E eu gastei todas essas linhas e ainda nem falei do filme em si. Em À MEIA-NOITE LEVAREI SUA ALMA, Mojica interpreta um coveiro em uma cidade do interior que anda de preto, usa capa e cartola, tem um cavanhaque e se comporta de maneira totalmente diferente das demais pessoas do vilarejo. A primeira aparição dele na trama, no cemitério, já mostra isso. Ele aparece sozinho em cima de uma laje, enquanto um grupo de pessoas chora o enterro de um familiar. Ao chegar em casa, Zé já pede à mulher que lhe prepare uma carne pois o enterro lhe deu uma fome danada. A mulher tenta argumentar, dizendo que é Semana Santa e ele sai revoltado, à procura de carne para comer. Parece que no roteiro original, havia uma cena do próprio Zé matando o bicho, mas ela foi excluída da gravação. Melhor assim. Do jeito que ficou, compacto, com apenas 82 minutos, o filme me pareceu perfeito e não fica dando impressão de que haja buraco algum no roteiro. E não há mesmo. Bom, a perversidade de Mojica já começa a aparecer nessa primeira cena com a esposa, mas quando ele começa a matar quem ele quer, o filme vai ganhando um peso cada vez maior. E até certo momento, não há nenhuma interferência sobrenatural, a não ser da cigana, que já antecipa a morte de Antonio e a desgraça no inferno de Mojica.

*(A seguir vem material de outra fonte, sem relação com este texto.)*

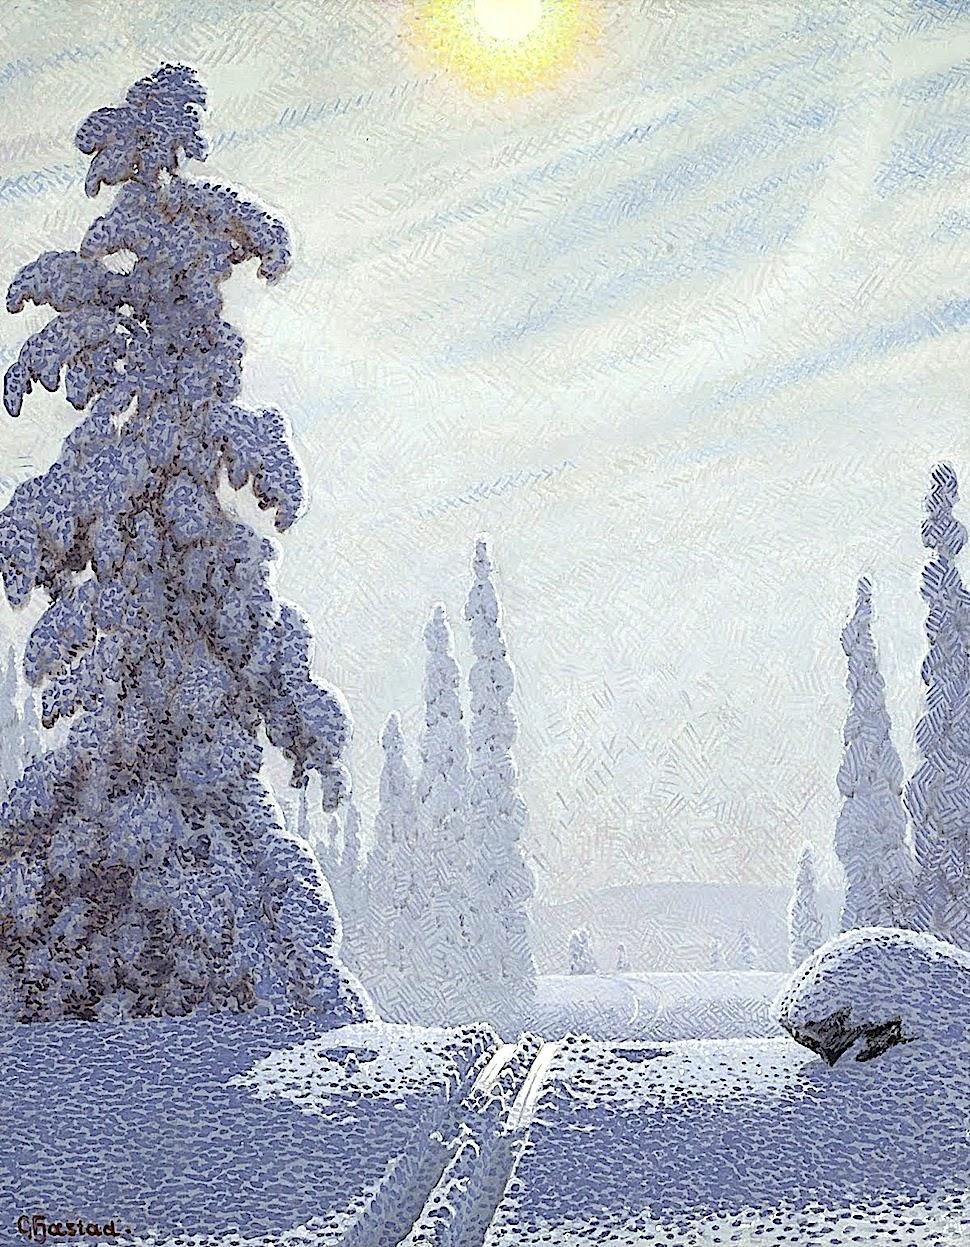 Gustaf Adolf Christensen Fjæstad art, a winter scene

Enfim, é tanta coisa para se falar sobre esse filme que é preferível não falar muito, mas como nem todo mundo vai ler o livro MALDITO, eu repasso aqui algumas informações que me deixaram impressionado e ao mesmo tempo fascinado e comovido. Mojica, quando estava com as latas do filme prontas e finalizadas, mas ainda sem conseguir distribuidor, já havia se separado da mulher, vendido a casa, os móveis e até a roupa do corpo, tudo pra concluir o filme. Acho isso fantástico. Ele nunca desistiu de seu sonho e chegou a fazer coisas que as pessoas considerariam uma loucura, mas ele confiava em seus instintos e tinha paixão pelo que fazia e a paixão leva o homem à loucura mesmo. Com o filme finalizado, Mojica encontrou um distribuidor bahiano e praticamente implorou para que ele visse pelo menos um trecho do seu filme. Naquela altura, ele estava sem comer há dois dias e, percebendo isso, o distribuidor pagou um lanche pra ele. O legal é que o combinado com o distribuidor é que ele veria apenas dez minutos do filme, o que representava um rolo. E quando o rolo acabou, as luzes se acenderam. O distribuidor ficou revoltado e perguntou porque acenderam as luzes. Ele queria ver o filme todo! Achou fantástico e disse que tinha certeza que o filme faria muito sucesso. E fez mesmo. Pena que Mojica estava tão endividado e necessitado de dinheiro que acabou vendendo o filme para um dos atores, que comprou por uma mixaria todas as cotas de participação e revendeu por um preço três vezes maior. Ao ver as longas filas que se formavam nas salas de cinema, Mojica bebia e chorava pelo dinheiro que poderia ter ganhado. No livro MALDITO, há ainda comparações bem interessantes entre as idéais de superioridade de Zé do Caixão com as idéias do filósofo Nietzsche.

A sofisticação visual, a montagem inovadora, a interpretação excelente do próprio Mojica, auxiliado por um dublador que deixava a voz de Mojica distante da voz de caipira do restante do pessoal da cidadezinha, e mais um monte de idéias fantásticas imaginadas por uma pessoa que não tinha muita instrução e que pulou a teoria e foi direto para a prática, tudo isso e muito mais faz de À MEIA-NOITE LEVAREI SUA ALMA uma obra única, original e revolucionária.